Şura-41. Şüpheniz de olmasın ki, haksızlığa uğrayıp haklarını arayan, kendini savunmak için direnen ve hakkını ezdirmeyenler kınanmazlar ve cezalandırılmazlar.
-Hak aranırken aynısının gözetilmesi ve aşırıya gidilmemesi vurgulanmıştır
Nahl-126. Ve yine herhangi bir konuda olur da tartışma olur, saldırıya uğrar ve bir ceza ile karşılık verme durumu olursa, Sana uygulananın aynısıyla karşılık ver ve aşırıya gitme. Fakat sabreder ve uygun görüp affedersen, elbette bu sabredenler için daha iyidir /daha hayırlıdır.
Yine uğranan haksızlık karşılıklı aşırı bir zarar oluşturmamışsa, sabredilip af edilmesi seçeneği de istenmiştir
Şura-43. Fakat böylesi haksız saldırılara sabretmek ve bağışlamak, şüphesiz en zor ve çok üstün bir davranıştır.

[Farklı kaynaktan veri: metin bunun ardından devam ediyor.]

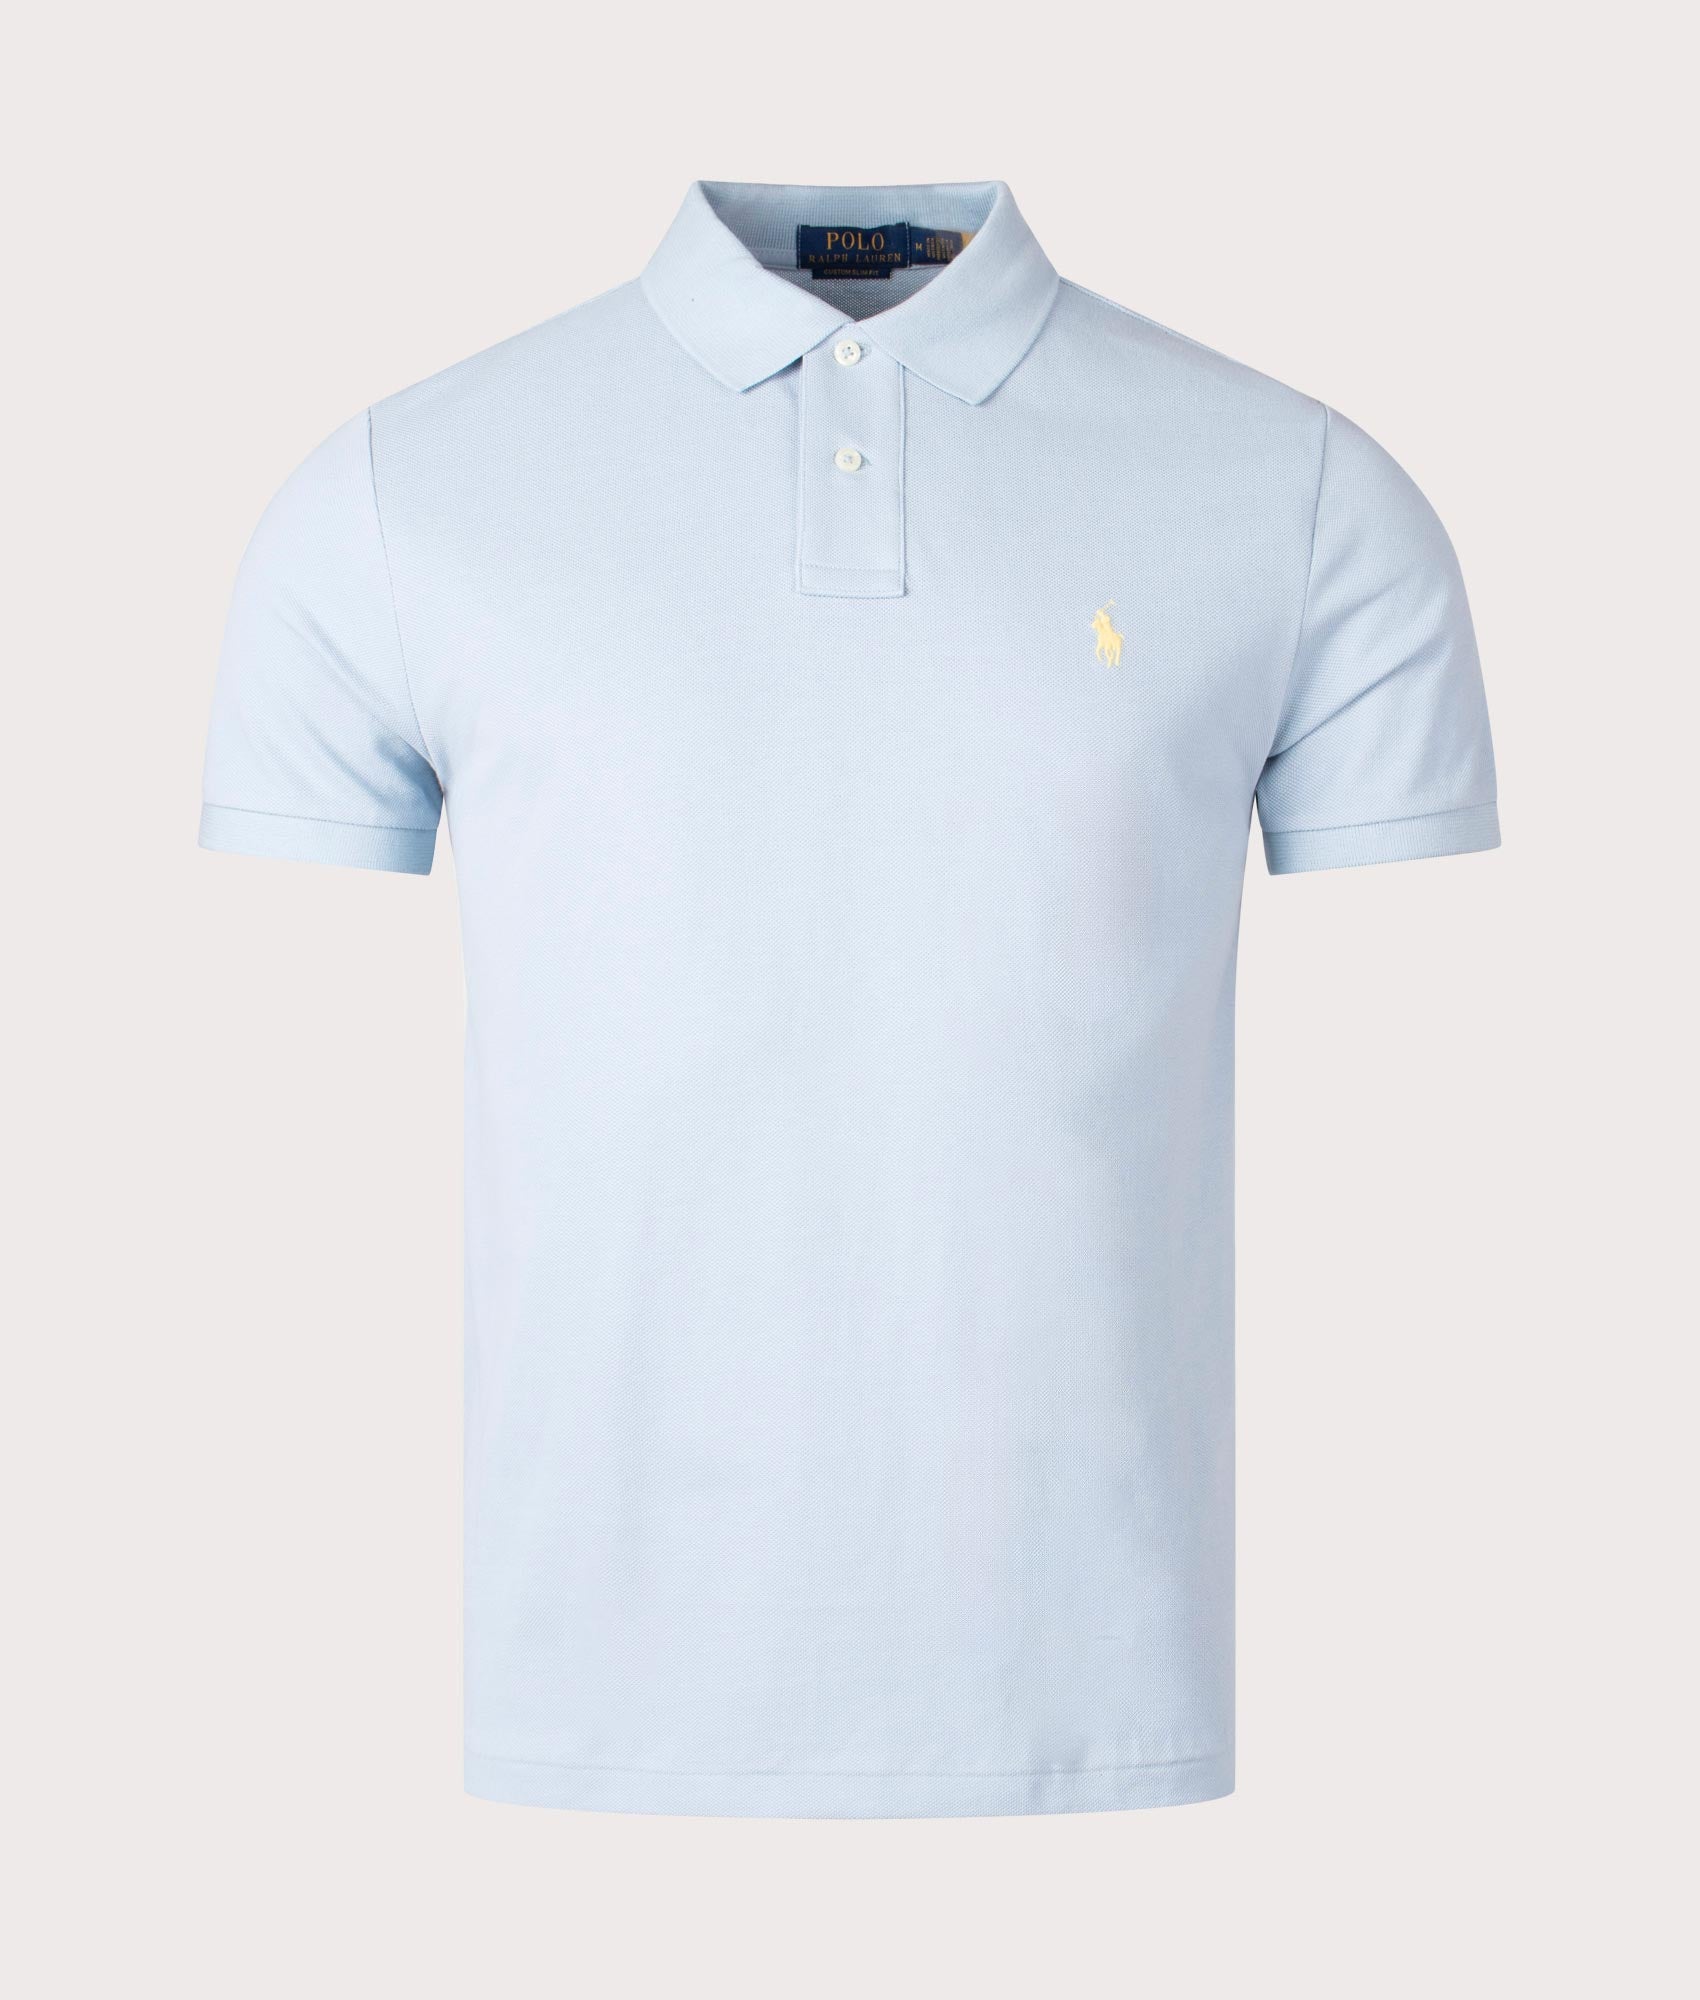 Polo Ralph Lauren Mens Custom Slim Fit Mesh Polo Shirt - Colour: 365 Alpine Blue - Size: Large

Haksızlığa sabretmenin ve bağışlamanın, ancak ileri tekâmül aşamasına varmış kişilere özgü bir davranış olduğu vurgulanmaktadır. Ancak bağışlamanın da hak eden ve istismar etmeyecek kişiye yapılması da göz önünde bulundurulmalıdır diye düşünüyorum.
-Fark edilen bir haksızlığı engellemede yardımlaşılması istenmektedir
Şura-39. Herhangi bir haksızlığı görünce de o haksızlığı gidermek için yardımlaşırlar.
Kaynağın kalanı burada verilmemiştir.